There’s a preconceived notion that women have a role to fulfil whether that’s to be a wife, a mother or a career driven woman. Anything out of the norm, is frowned upon and therein lies the problem. From the moment we’re dropped off at school with our obnoxiously large backpacks, filled to the brim with all sorts of things we probably shouldn’t have been eating like fairy bread, we’re pit against each other. The innate fear of failure, fear of rejection, fear of not being pretty enough, good enough, tall enough, smart enough starts to shape us. We quickly lose our identity and disappear into the field of poppies; none brave enough to stand taller than the next.


So when we’re thrown into the real world, degrees in hand, we find ourselves competing ferociously for the attention of one another; whether it be a boss, a special someone or the guy dictating who gets the next round of bonuses. And somewhere in between the fine lines of, when I grow up, to, I need a job, we’ve lost our drive to succeed and we begin to self-sabotage. Specifically, those who are creatively inclined.


There has been no sizeable shift in the mentality of men and women alike, none more so than in the arts industry. In the height of gender equality and closing the pay gap, some women subconsciously self-sabotage by taking themselves out of the game for fear of what their fellow counterparts will think. Why haven’t you had kids yet? Why haven’t you started planning your future? We’ve all heard it, am I right? Why do the aforementioned life choices take more precedence than finishing your novel, or completing that painting or pitching that movie? At what point do we take back the reigns and start dictating our own lives?

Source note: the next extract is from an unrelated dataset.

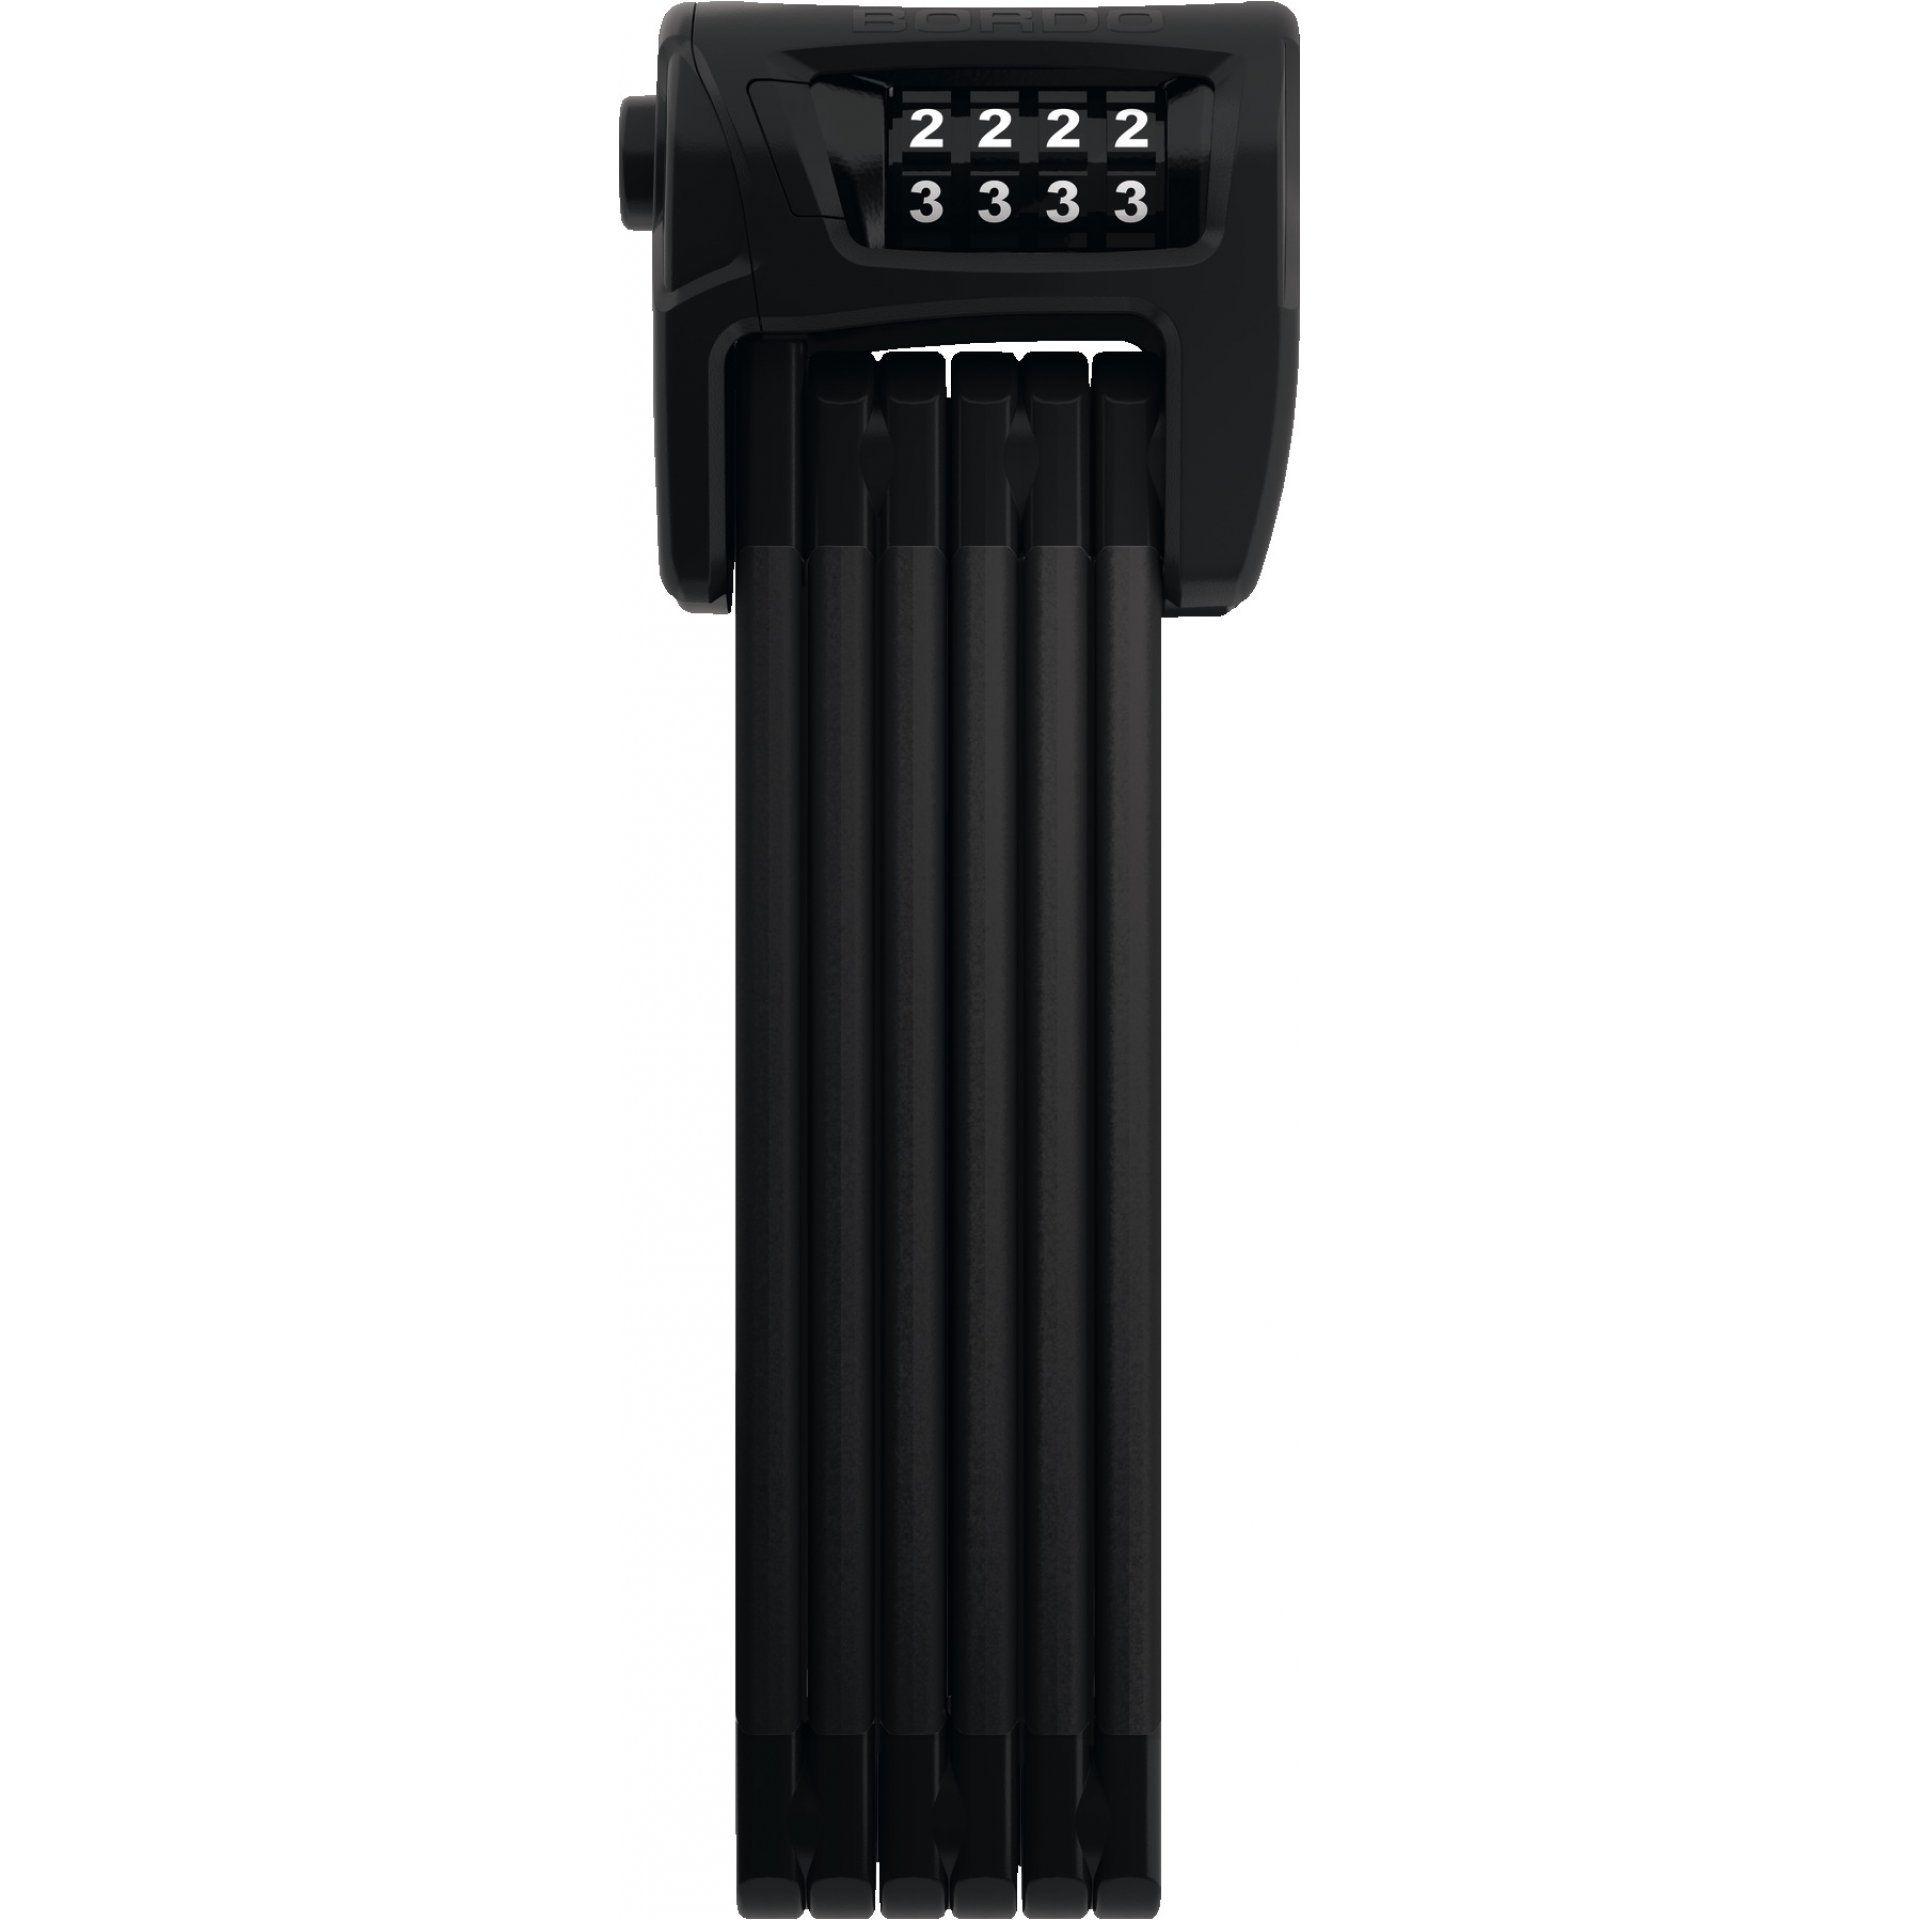 ZAPIĘCIE ROWEROWE ABUS BORDO COMBO SH 6100 90 BLACK 1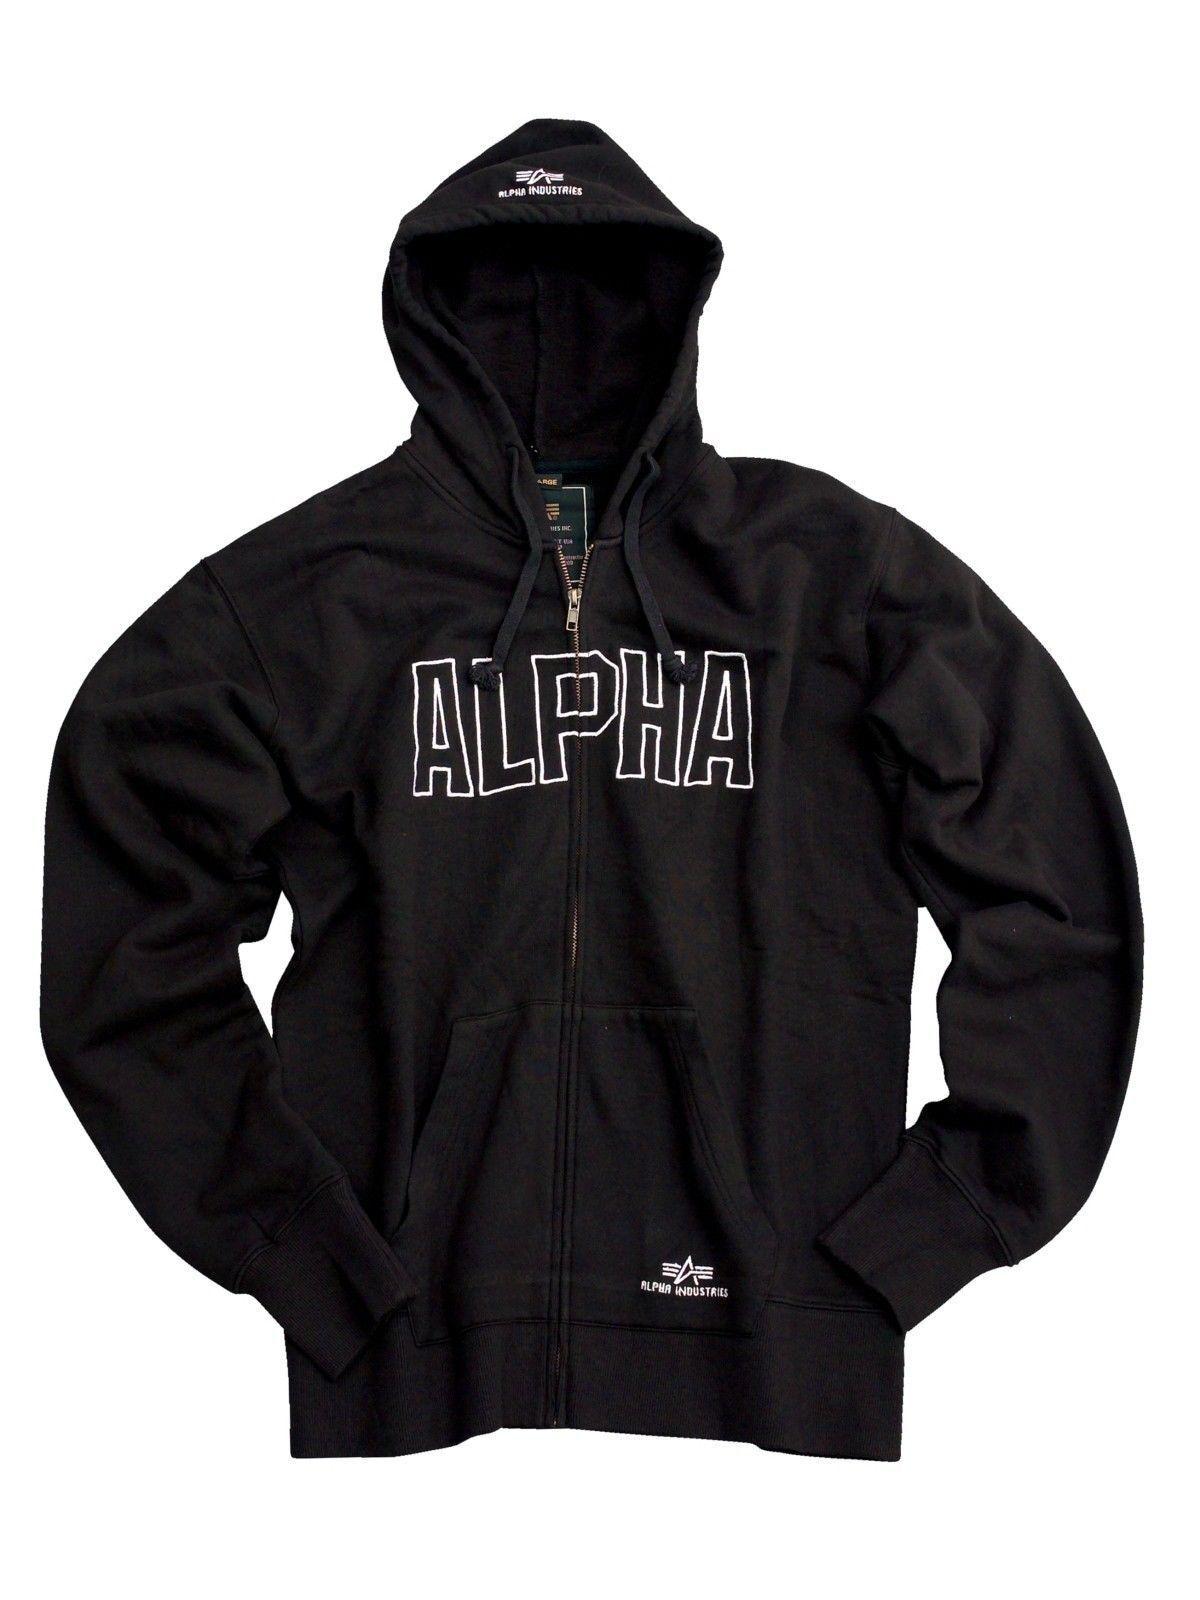 Alpha Industries Industries Industries Track Hd Jkt 183313 03 Zip Hood schwarz Größe 2XL 0dcdb5

Over the past five years throughout my several career changes, financial planner to office manager, I’ve met women who’ve come and gone who’ve all said similar things to me when I mentioned that I was a writer working in media. The general gist was always the same. Never about me, but always about what others thought about my choices. My answers to these questions are always the same. Simply put, I don’t care, and you shouldn’t either. Media is an industry that gives people a reprieve from life, why wouldn’t you want to work somewhere that makes a positive, life changing impact?


Your career is your choice as is your decision to pursue your dreams however left field they are. It seems so rudimentary but why complicate what isn’t complicated? The lesson was simple from having these conversations. Each woman I spoke with, spoke about these long-forgotten goals and ambitions with a glint in their eyes, but that glint was often overshadowed by fear.


Fear of what their family would think, fear of being rejected figuratively and literally, and above all, just the down-right fear of going against the grain. There’s nothing more powerful than a woman who knows what she wants. With the ability to achieve so much and influence others, we often blend into the shadows and do what society has told us through blogs and Pinterest posts we should to do.


It’s time to step out of the shadows and shine brightly, tell those people who are waiting on you to make that next ‘expected move’ that you’ll do so when you decide to do so, not when it suits them. Finish that book, pitch that movie and above all, stop self-sabotaging your gifts and your success because it doesn’t suit others.